Essentially MinIO is a web server …

I vaguely recalled Anand Babu Periasamy (AB as he is known), the CEO of MinIO saying that when I first met him in 2017. I was fresh “playing around” with MinIO and instantly I fell in love with software technology. Wait a minute. Object storage wasn’t supposed to be so easy. It was not supposed to be that simple to set up and use, but MinIO burst into my storage universe like the birth of the Infinity Stones. There was a eureka moment.
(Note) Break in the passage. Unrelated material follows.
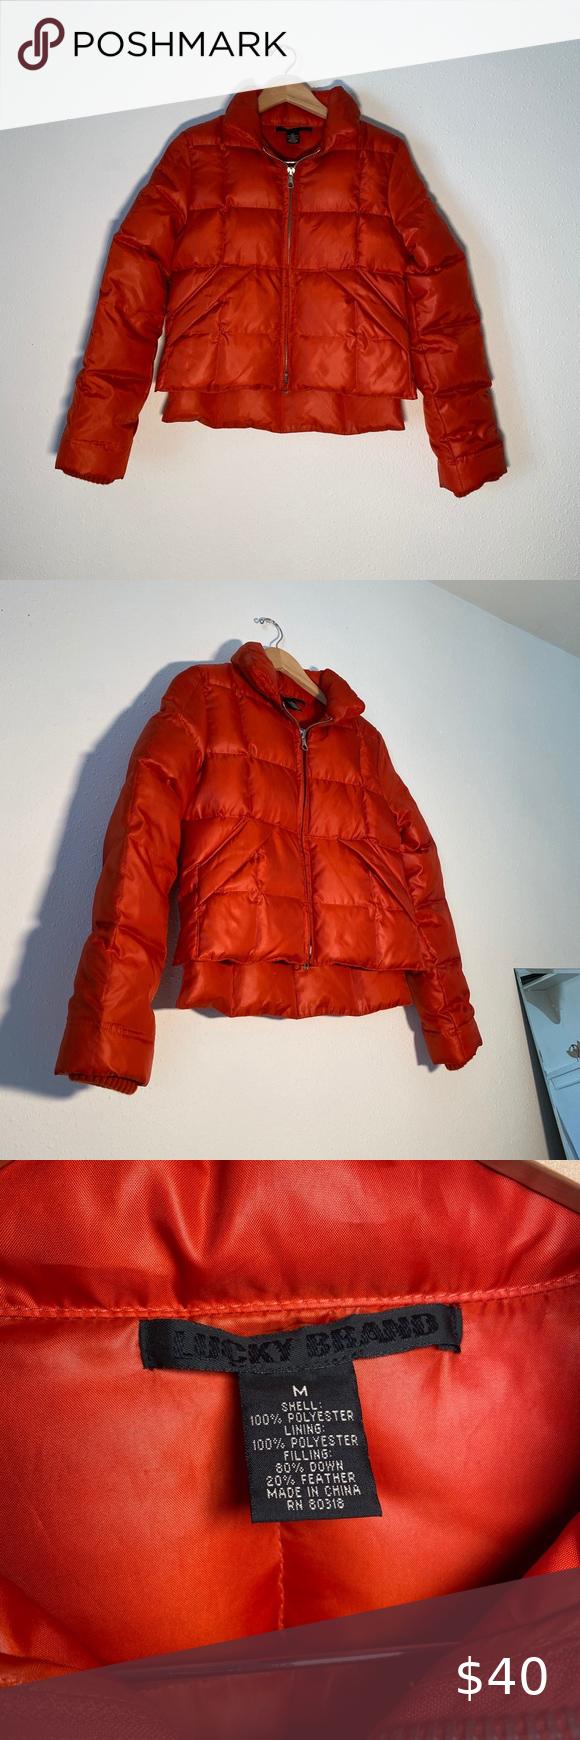 Lucky Brand Red Orange Crop Puffer Coat M Puffer Coat Red Puffer Jacket Lucky Brand [ 1740 x 580 Pixel ]

And I was attending one of the Storage Field Days in the US shortly after my MinIO discovery in late 2017. What an opportunity!

I could not recall how I made the appointment to meeting MinIO, but I recalled myself taking an Uber to their cosy office on University Avenue in Palo Alto to meet. Through Andy Watson (one of the CTOs then), I was introduced to AB, Garima Kapoor, MinIO’s COO and his wife, Frank Wessels, Zamin (one of the business people who is no longer there) and Ugur Tigli (East Coast CTO) who was on the Polycom. I was awe struck.

Last week, MinIO scored a major Series B round funding of USD103 million. It was delayed by the pandemic because I recalled Garima telling me that the funding was happening in 2020. But I think the delay made it better, because the world now is even more ready for MinIO than ever before.